A inocência deste primeiro questionamento – apenas se perguntar “o que sou eu?” – é mente de principiante.

A Mente de principiante é necessária através de toda a prática Zen. É a mente aberta, é a atitude que inclui tanto a dúvida quanto a possibilidade, a capacidade de ver as coisas sempre de forma nova, em seu frescor original. Ela é necessária em todos os aspectos da vida. Mente de principiante é a prática da mente Zen.

Este livro tem origem numa série de palestras que o Mestre Zen Shunryu Suzuki fez para um pequeno grupo em Los Altos, Califórnia. Ele participava das práticas de meditação do grupo uma vez por semana e depois respondia a perguntas e procurava encorajar os participantes na pr´patica do Zen, ajudando-os a resolver os problemas da vida. Sua abordagem é informal, e seus exemplos são tirados de acontecimentos e do bom senso.

Zen é aqui e agora, diz ele; e pode ser tão significativo para o Ocidente quanto para o Oriente. Contudo, seus ensinamentos e sua prática fundamental são provenientes dos muitos séculos de Zen-Budismo e especialmente de Dogen, um dos mais importantes e criativos dentre todos os mestres Zen.

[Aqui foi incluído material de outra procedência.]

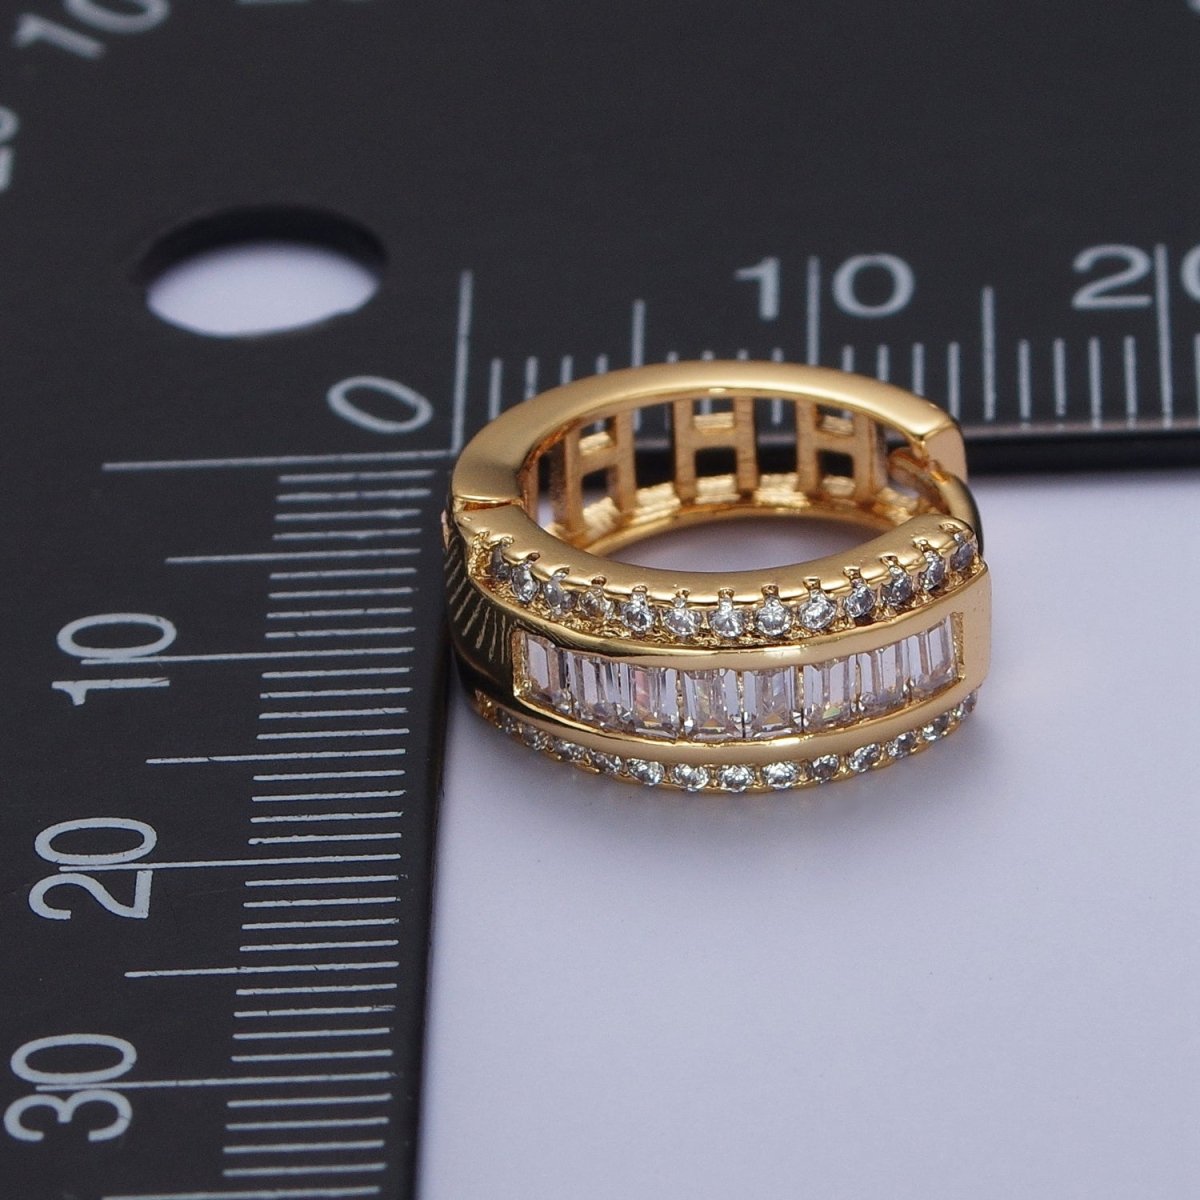 16K Gold Filled Micro Paved Baguette Lined Cubic Zirconia Huggie Hoops Earrings | X-844 - DLUXCA

Este livro, o único de Shunryu Suzuki, é sobre a prática do Zen como disciplina e caminho viável, sobre postura e respiração, sobre as atitudes e entendimentos básicos que tornam a prática do Zen possível, sobre a não dualidade, o vazio e a iluminação. Através dele começamos a entender o que ´´e realmente o Zen. E acima de tudo, cada página respira a alegria e a simplicidade que tornam possível uma vida livre de condicionamentos.

Shunryu Suzuki diz: “O mundo é sua própria mágica” – sentimento que permeia o livro todo. Lendo o livro com atenção, a mesma frase ou seqüência de idéias é simultaneamente simples e óbvia, obscura e desconcertante, e iluminadora. Aqui temos uma obra que provoca uma intensa, profunda e jubilosa reflexão.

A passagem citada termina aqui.